Compute Type	Hourly Cost (streams/hr)	Monthly Cost (streams/month)
Standard	Contact Us	Contact Us

Concurrency determines how many simultaneous queries are handled by the DLS instance. This is expressed as a number of process streams. There is not a 1:1 relationship between streams and query capacity since a single stream can handle multiple simultaneous queries. However, as the number of concurrent requests increase, the query duration may exceed the desired response time and an increase in the concurrency factor will help.

From a conceptual standpoint you can view processing streams as vCPUs used to process queries.

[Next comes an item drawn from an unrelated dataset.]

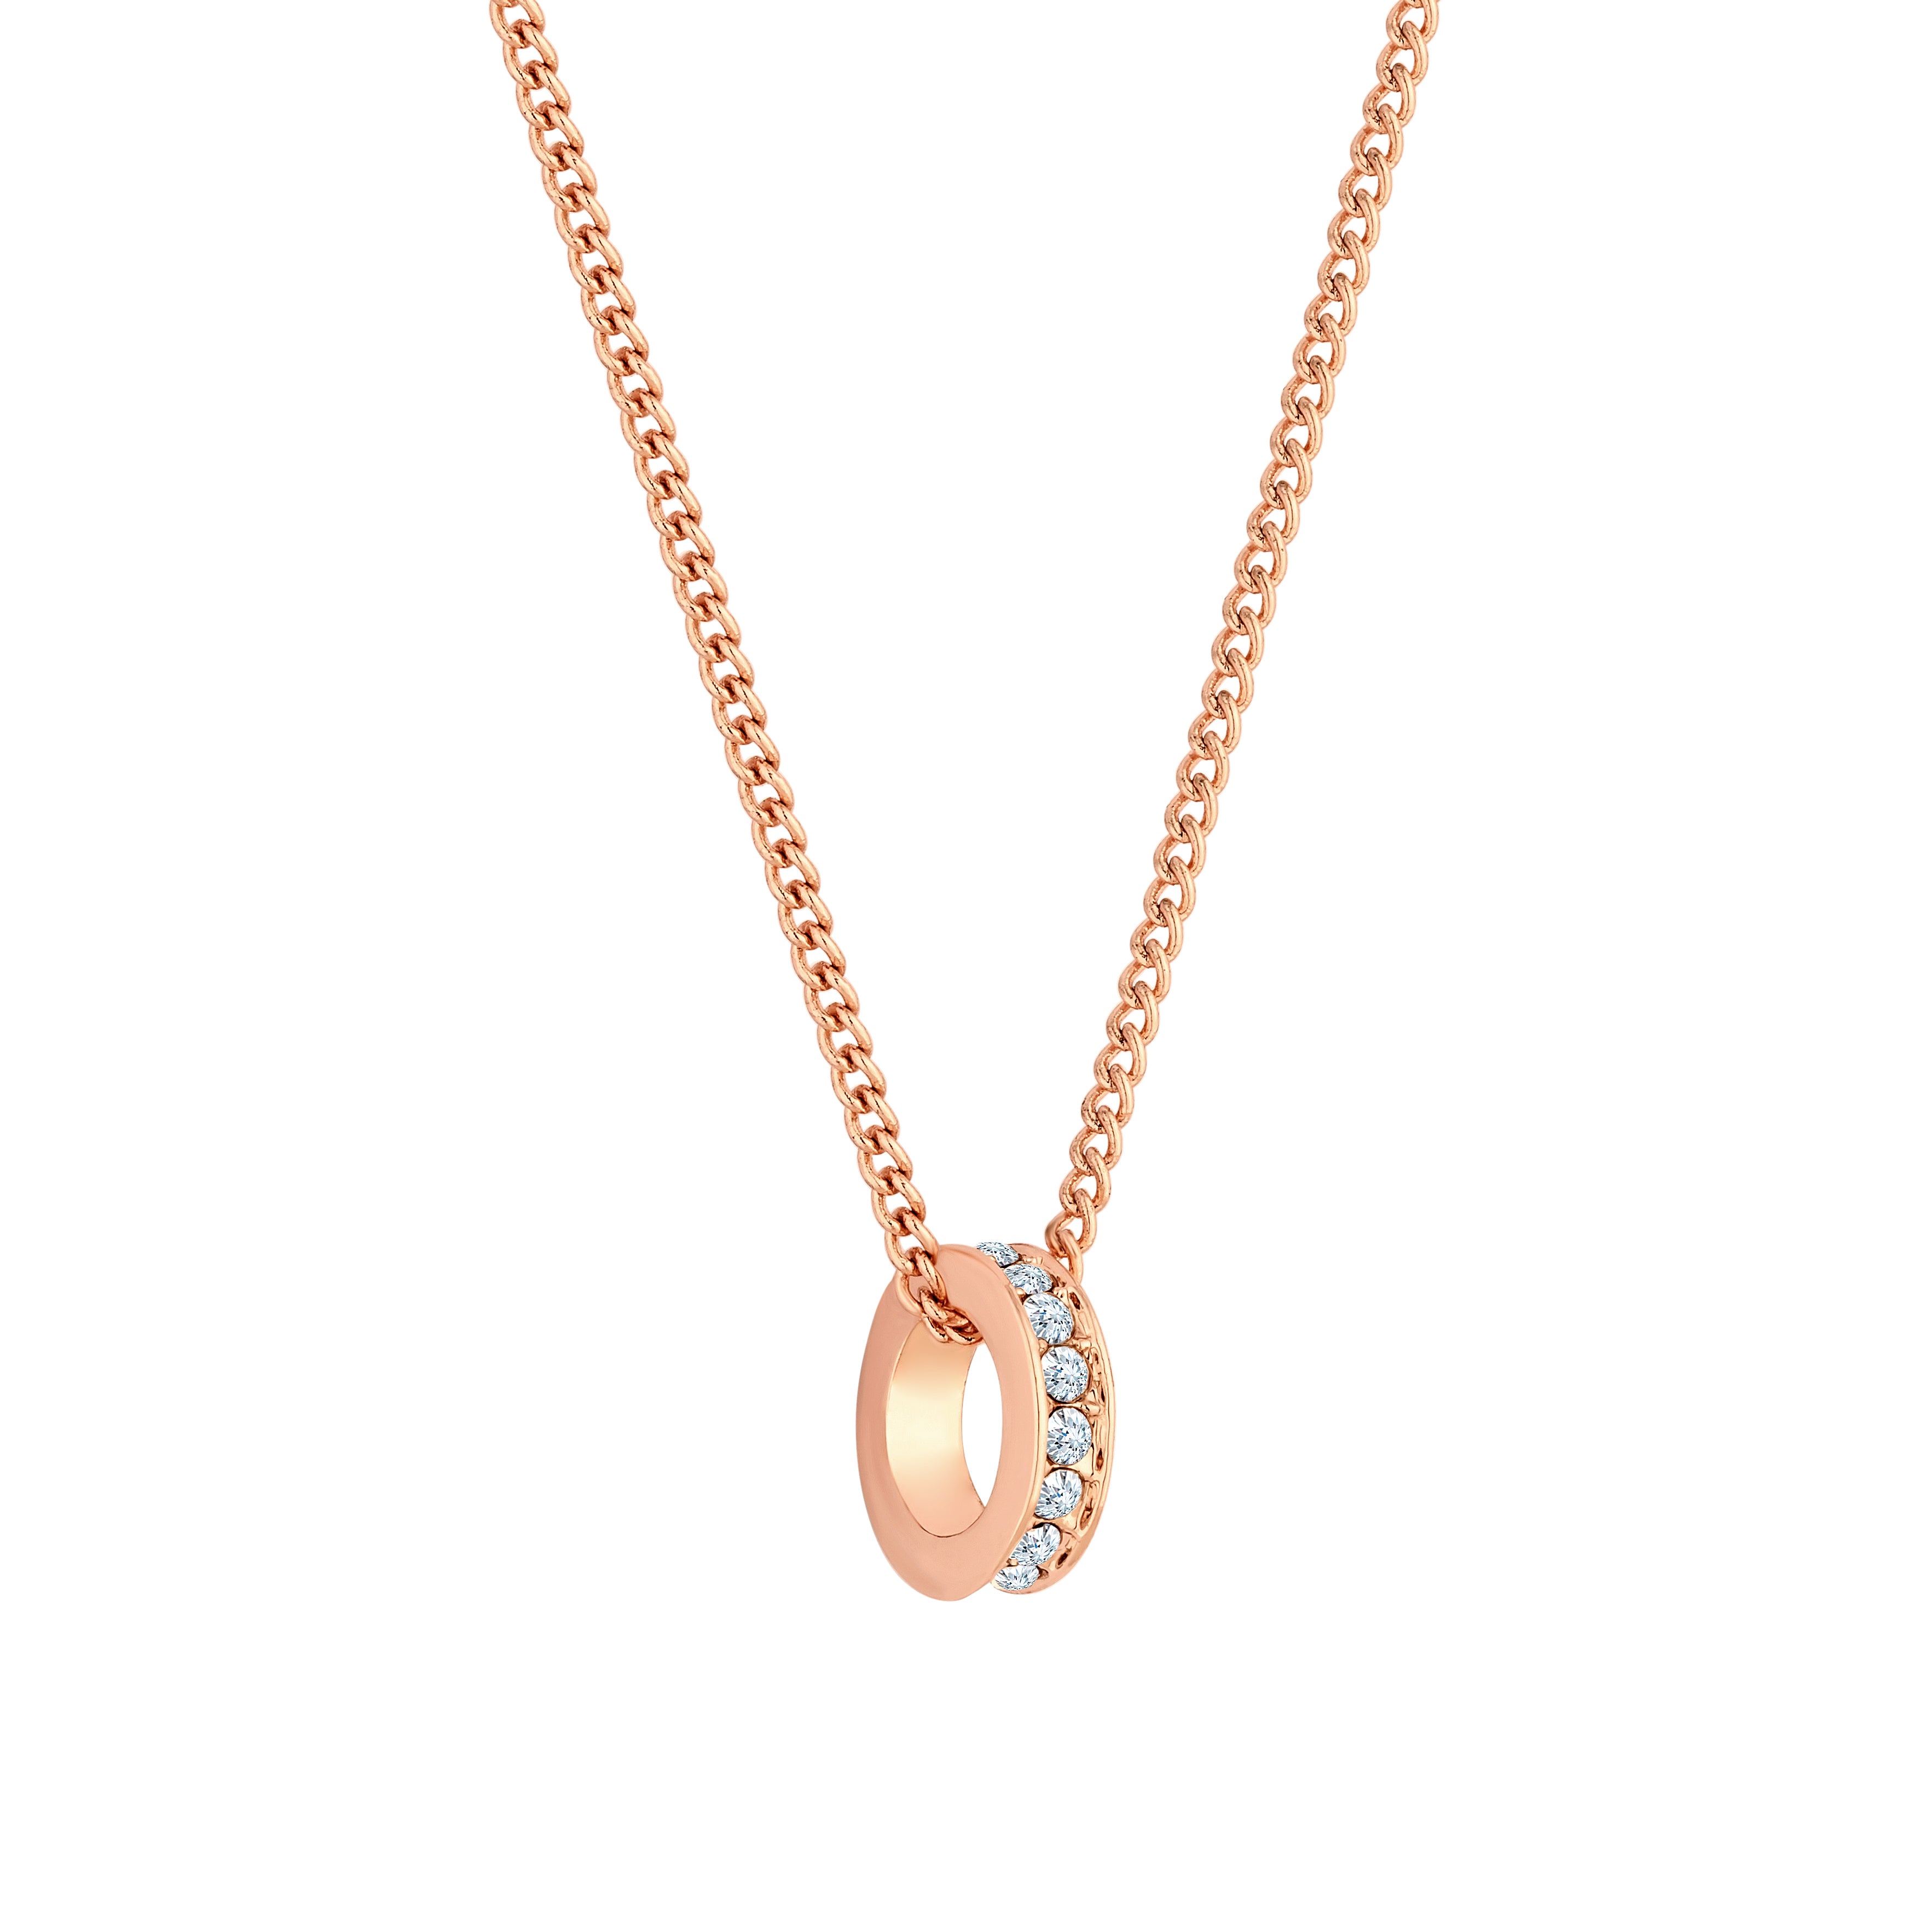 Domino Pendant in Rose Gold Plate

The default concurrency factor is 2, which is a good starting point if you are unsure of your needs. It can be adjusted from 1 to 14. If your needs exceed 14, please contact us to increase your concurrency limit.

Parallelism Factor

There is no additional cost per node. The compute cost of the DLS instance is the product of concurrency and parallelism plus the master node.

Parallelism determines how many nodes are in the DLS instance. This is expressed as node count. The number of nodes determines how much compute power can be applied to any single query. By increasing the node count, the computational part of the query can be spread out over many process streams. In addition, the storage throughput is multiplied by the number of nodes, which is very valuable when dealing with large datasets.

For example, if the maximum theoretical write throughput of a single node was 4 TB/sec, a warehouse with 8 nodes would have a theoretical write throughput of 8 x 4 TB/sec = 32 TB/sec. There are many factors that impact write speed including compression level, indexes, table storage type, network overhead, etc... but in general, nodes apply a multiplying factor to data throughput speed.

Allocated Storage

Three types of table storage options are available in a PlaidCloud DLS:

Regional
Multi-Regional

Storage Type	Hourly Cost (GB/hr)	Monthly Cost (GB/month)
Regional	Contact Us	Contact Us
Multi-Regional	Contact Us	Contact Us

Regional

The storage provides triple redundancy across multiple availability zones in a single region. This is suitable for most workloads that do not need geographically distributed redundancy.

Multi-Regional

This storage provides triple redundancy in each region and is stored in two regions. This provides geographical redundancy and fast failover for data requiring the highest availability.

Network Egress

Network Egress and Ingress charges are dependent on the cloud provider, region, and destination for the traffic. Contact us and we can provide a detailed cost matrix.

Network egress is calculated based on the egress traffic from your PlaidCloud Workspace. In terms of the egress traffic from a DLS instance, traffic to PlaidCloud applications in the same region such as Analyze and Dashboard are excluded. However, if you are connecting directly to the DLS instance through the external access point, egress charges will apply. In addition, if you access DLS instances from different regions using PlaidCloud applications then egress charges will apply.

If you connect between DLS instances in the same region using internal network routing there are no egress charges. However, if you connect using the external endpoint then egress charges will apply.

There is no charge for ingress traffic.